Contemplation in a Chaotic World

Disaster struck us again, this time in Las Vegas, Nevada with an unfortunately well-orchestrated plot to mass murder some 22,000, concert goers. Fifty-nine were killed and five-hundred were wounded.
Immediately, the questions – so routine now – poured in: could we have prevented this madman? Can we add new laws to prevent this from happening again? Can we simply ban all guns?
The answers to these first three questions are: probably not, maybe, but unlikely, and no. We live in a free society and until we give up our freedom for security where a secret police can follow everyone, nothing will change. Small laws can be passed, laws that criminals don’t follow anyway, hence the name criminal. But such laws only restrict the law-abiding. Simple. Elementary logic. Banning guns, on the other hand, is, by all measures, impossible. The Second Amendment to the U.S. Constitution ensures the right to own and bear arms. This amendment is part of the Bill of Rights, which was written in language that perpetually preserves the basic rights the first ten amendments covered. To amend the Bill of Rights is a doubly-daunting task on the implausible side.
The real problem in these massacres is not guns, because guns have no agency, people are the problem, fallen, sinful, often psychotic people who personally obtain the weapons, who personally load the weapons, and who personally use the weapons. Guns themselves require human intervention.
The problem of people is both simple and complex, and the answers are both simpler and more complex. The simple solution is to restore those things in our society that gave people a sense of direction and a personal prohibition from committing such heinous acts.
Looking at mass murder statistics, the rates have risen every decade – except the 2000s, maybe because of 9/11 and the ensuring wars in which Americans had a sense of purpose – since the 1960s. What changed? Postmodernism changed liberals into progressives, Roe v Wade changed our values for human life, made it cheap and disposable, divorce weakened the family – the building block of our society – and LBGT rights have overthrown religious freedom. Along with all this, since the 1960s, racism has been dragged into a brighter, harsher spotlight despite the legal framework in our country that demands equal justice for every citizen. Finally, God has been dragged out of the public square.
The simple fact is – even for those who don’t believe – God created the universe and saw that it was good. God created human life in His image – imago Dei – and bestowed upon all human beings equal dignity and a commandment to love on another.
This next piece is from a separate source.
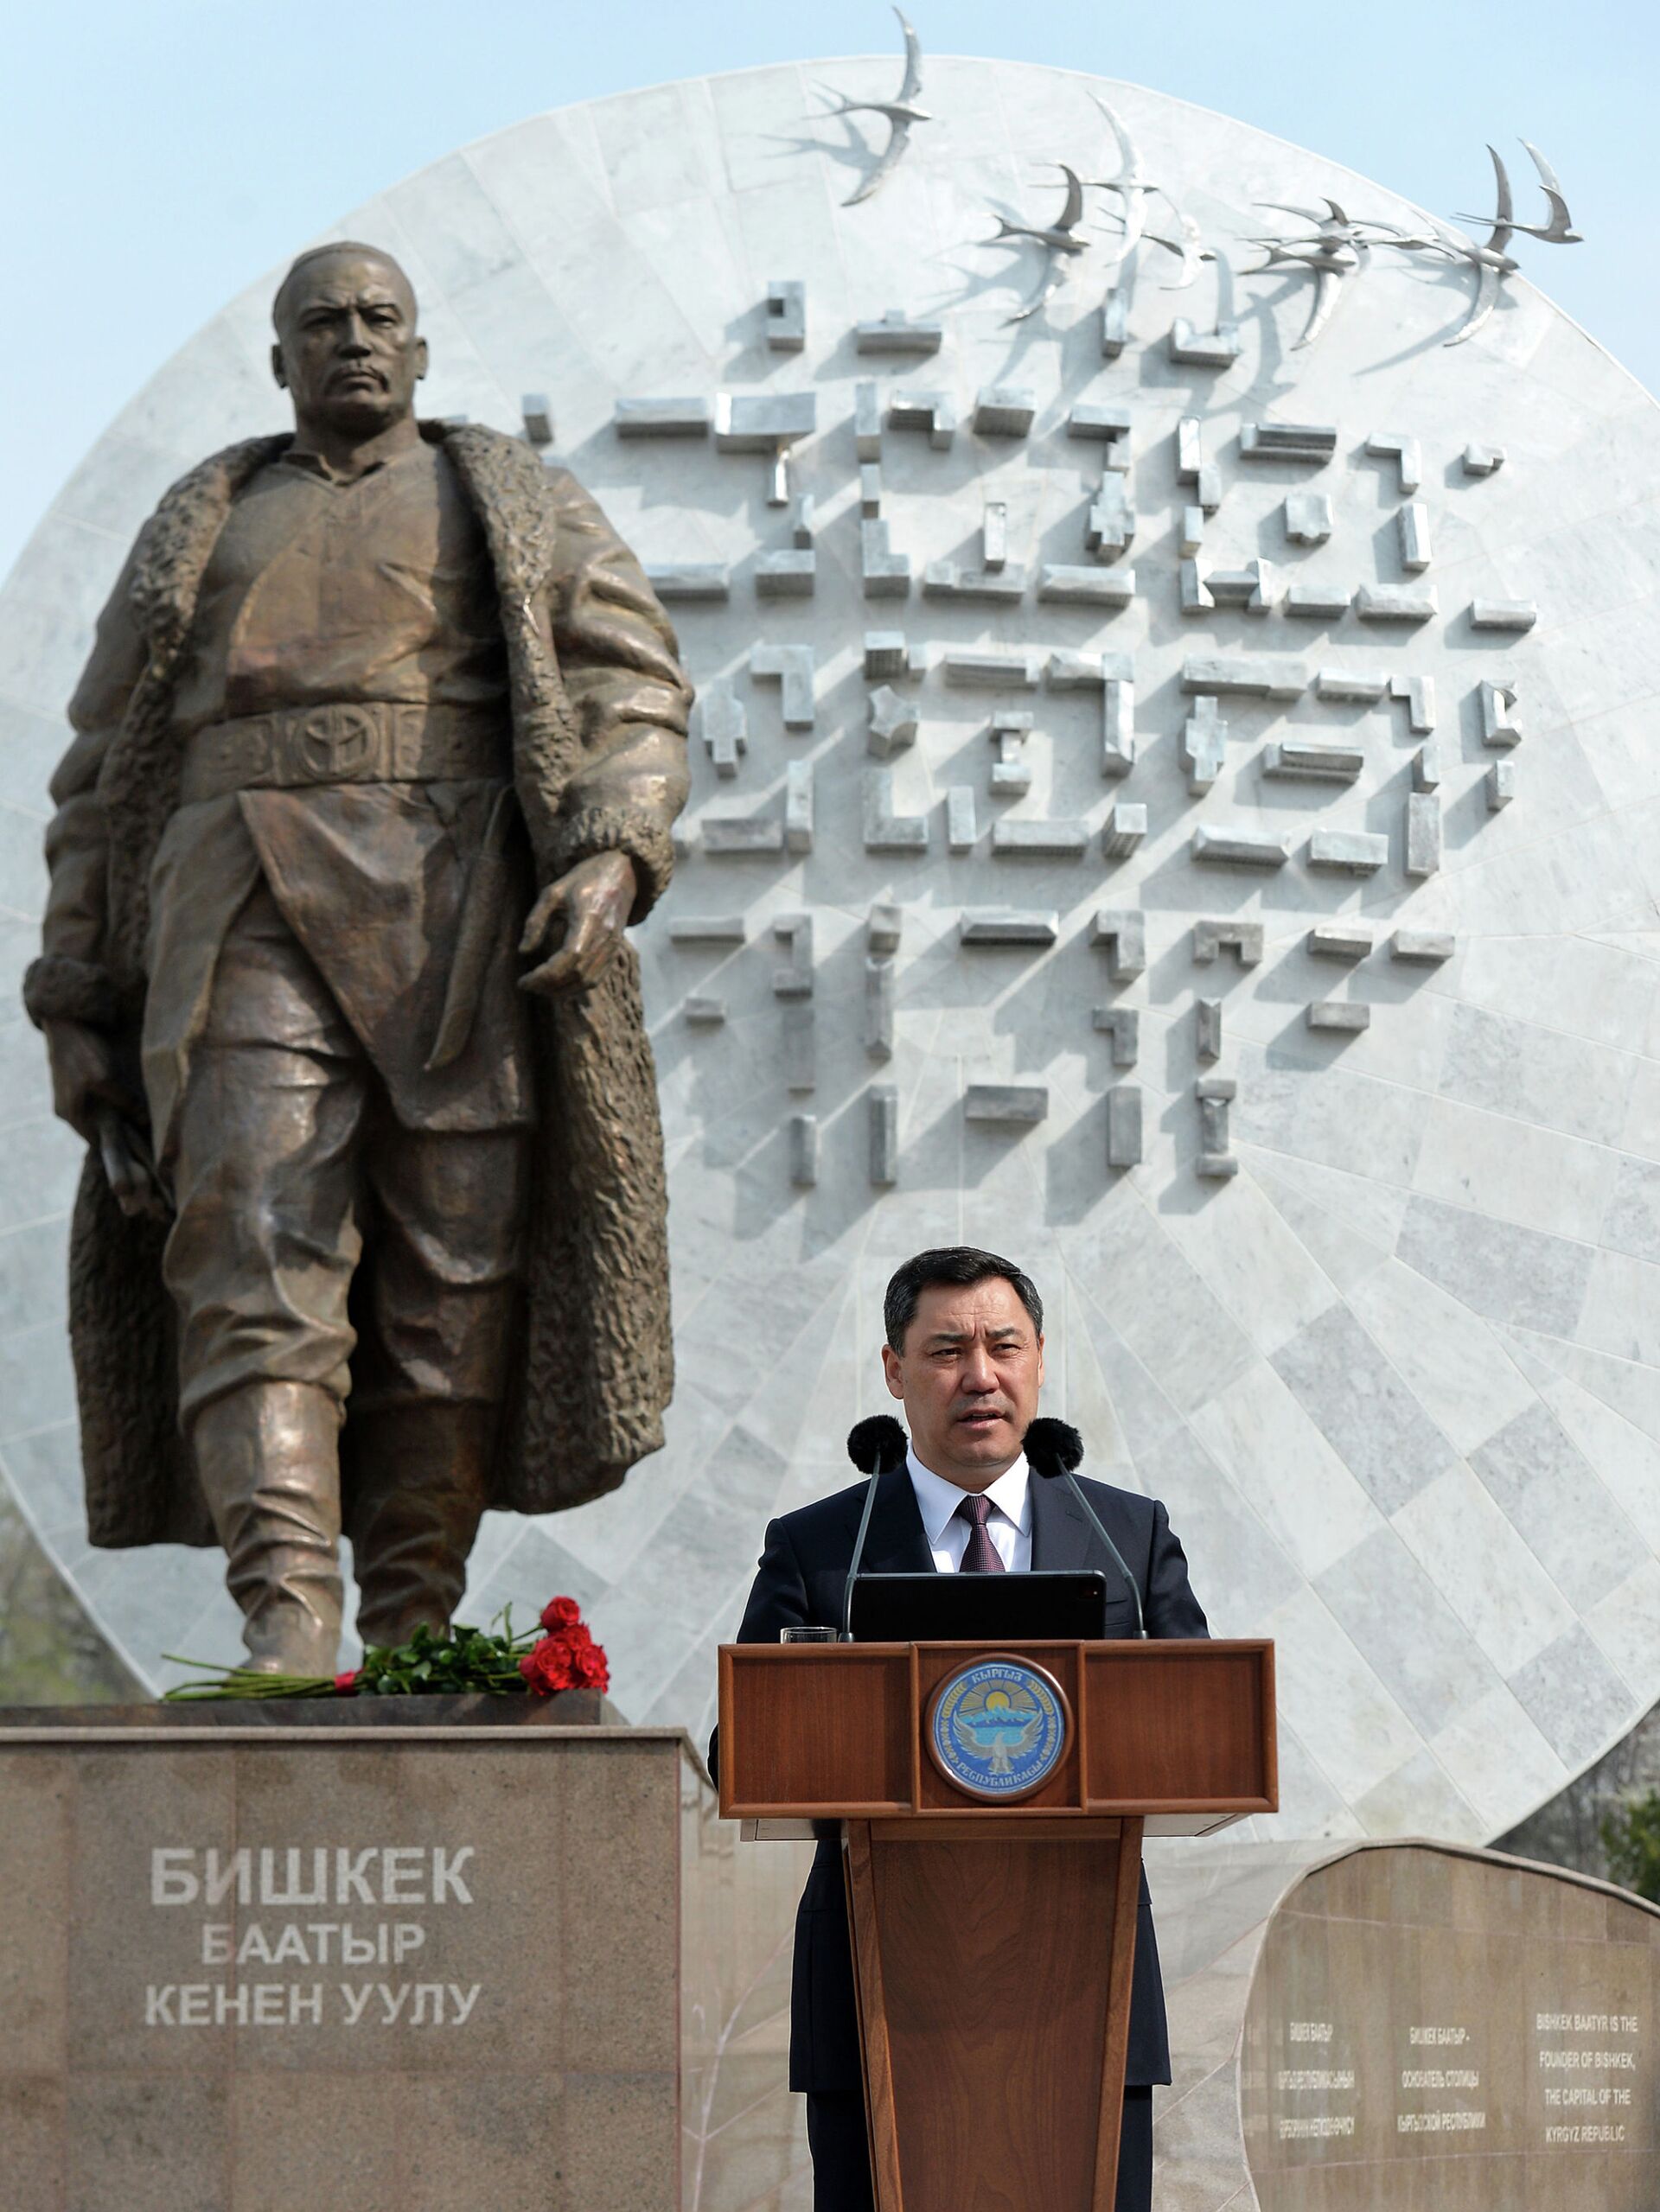 В столице открыли памятник Бишкек баатыру — что о нем сказал Садыр Жапаров - Sputnik Кыргызстан, 1920, 14.04.2021

Humans who chose to replace God with their own likeness are the purveyors of evil. Why? Because they move directly against God. Humans, left to the own designs, created the Holocaust, Communist purges, historical pogroms, ethnic cleansing, Hiroshima, Nagasaki, abortion, and mass murder with guns at Columbine, San Bernardino, Aurora, Tucson, Orlando, Washington, D.C., Sandy Hook, Virginia Tech, and Las Vegas. The guns made no plans, took no action on their own, and had no motives.
Only people, look at people.
Again, people choose, and it’s easier to kill with no Ten Commandments to look at or any greatest commandment of loving one another hanging over the conscience.
If a human being is simply a thing, it can be killed in the womb, or killed in a vacant lot at a concert; surely nameless, faceless, people are easier to intimidate, to terrorize, and to massacre.
Each of us Catholics have been called to spread the Good News of the Gospel – that we are freed from the shackles of death and have been given the right to choose what is right, to love and be loved.
Because truly loved people never pull the trigger.